In this case, the primase adds primers in a number of locations along the unwinding strand. DNA polymerase III extends the primer by adding new nucleotides, and it terminates when it comes into contact with a previously produced fragment. Consequently, it must release the DNA strand and glide farther upstream in order to begin the extension of another RNA primer sequence. During the replication process, a sliding clamp holds the DNA in place as it moves from one location to another.
Primer Removal
Despite the fact that new DNA strands have been created, the RNA primers that were previously present on the newly generated strands must be replaced with DNA. Specifically, the enzyme DNA polymerase I is responsible for this activity (DNA pol I).

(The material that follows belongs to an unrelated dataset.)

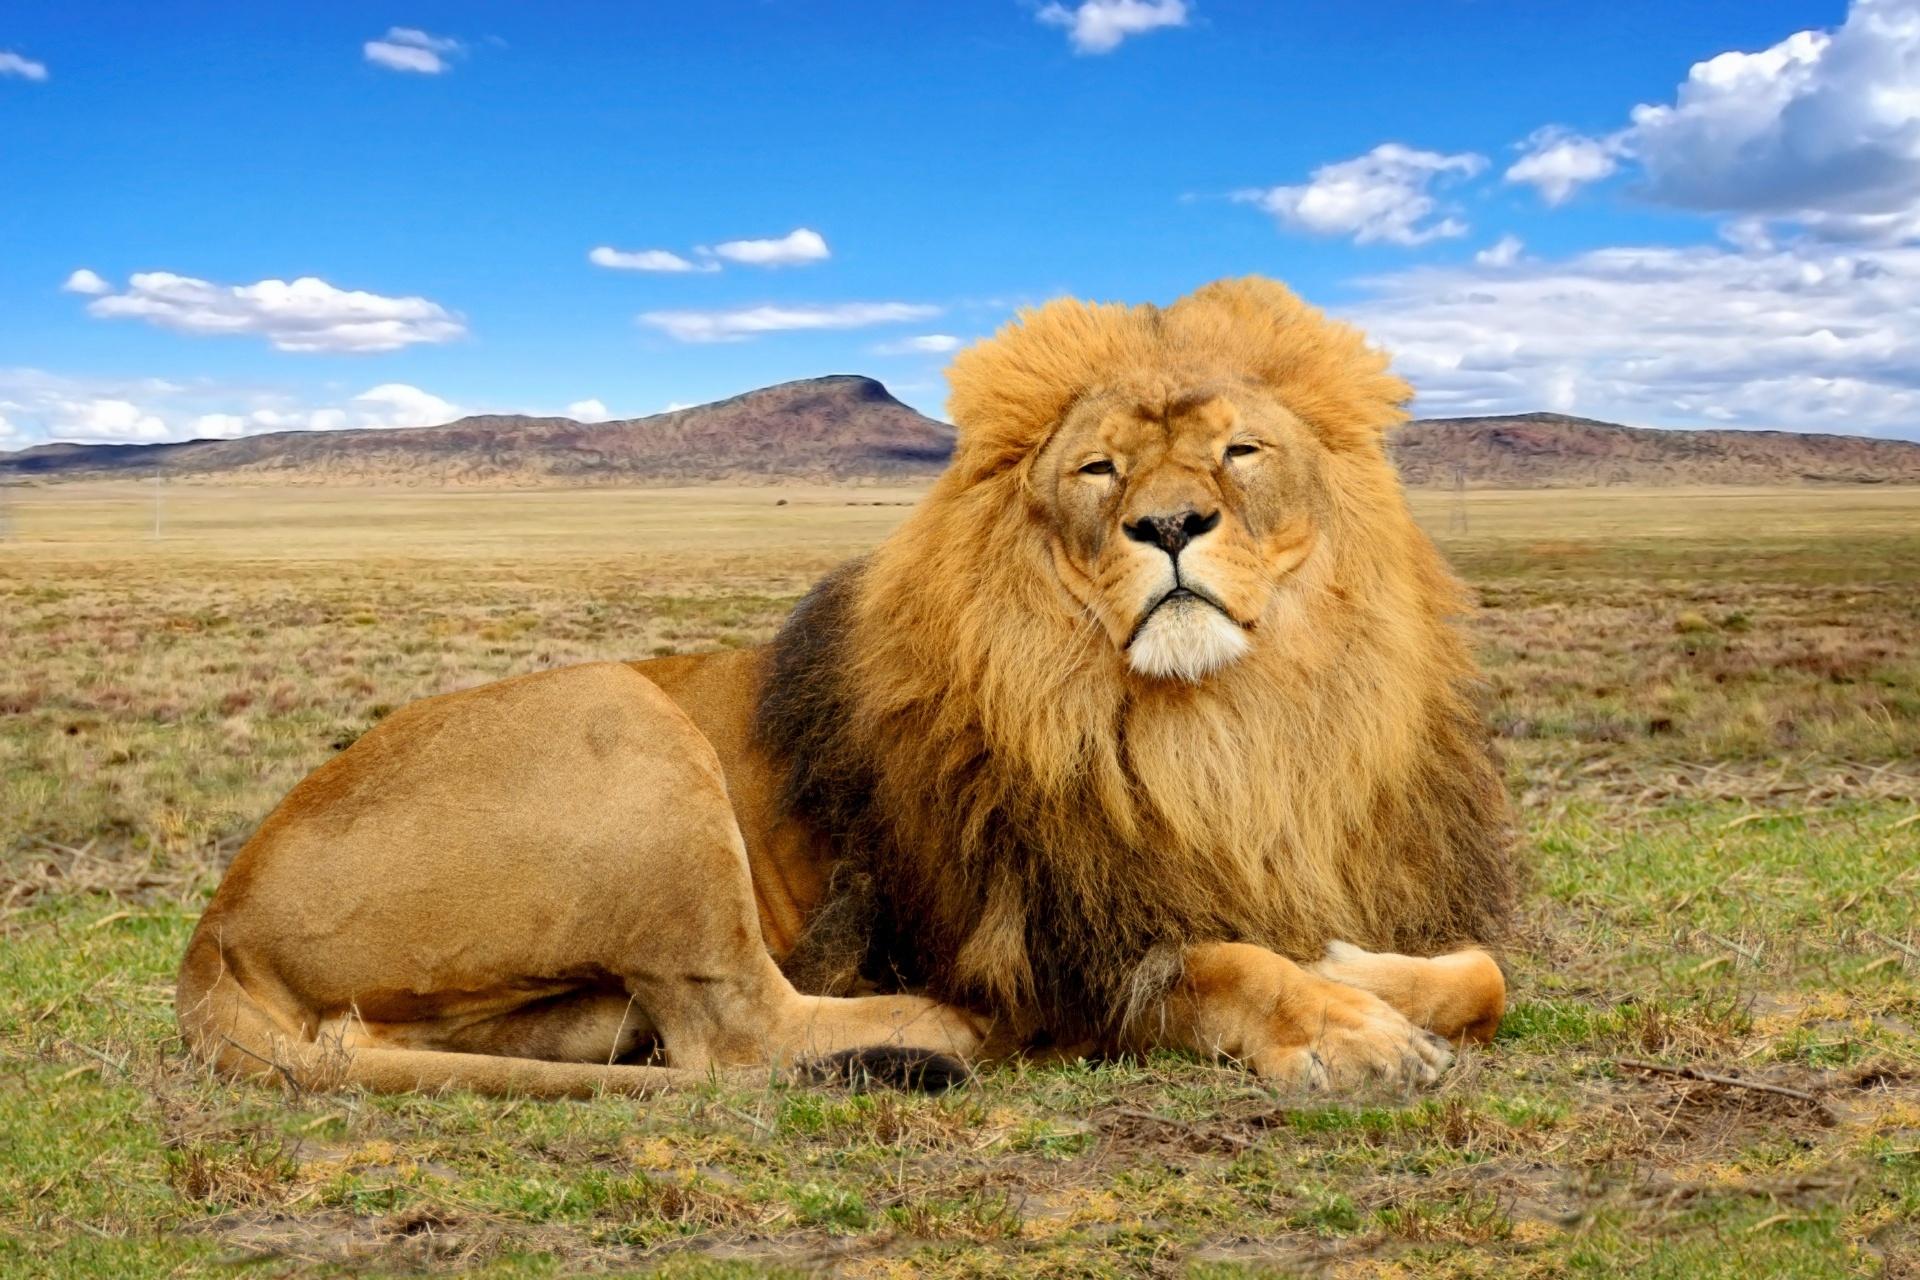 サバンナのライオン 南アフリカの風景

Because of its 5′ 3′ exonuclease activity, it is able to precisely remove RNA primers from DNA, and the 5′ 3′ DNA polymerase activity is able to replace them with fresh deoxyribonucleotides.
Ligation
It is still possible to see gaps or nicks between neighbouring Okazaki fragments after the primer removal has been finished on the lagging strand. By forming a phosphodiester link between the 5′ phosphate and the 3′ hydroxyl groups of neighbouring fragments, the enzyme ligase recognises and seals these nicks in the DNA structure.
Termination
This replication mechanism comes to a halt at certain termination sites, each of which has a distinct nucleotide sequence. This sequence is recognised by specialist proteins known as tus, which bind to certain sites, preventing the helicase from proceeding through them. When the helicase comes into contact with the tus protein, it detaches from the strand along with the single-strand binding proteins that are adjacent.
Conclusion
In eukaryotes, the vast bulk of DNA synthesis takes place during the S phase of the cell cycle, and the entire genome must be unravelled and replicated in order to produce two daughter copies of the organism.
It takes three essential phases for DNA replication to occur: first, the opening of the double helix and separation of the DNA strands, followed by the priming of the template strand, and finally the construction of the new DNA segment. A specific site known as the origin of the DNA double helix uncoils during the process of separation of the two strands of DNA double helix. The consequence of DNA replication is the formation of two DNA molecules, each of which contains one new and one old nucleotide chain. This is why DNA replication is referred to as semi-conservative; half of the chain is derived from the original DNA molecule, while the other half is completely different.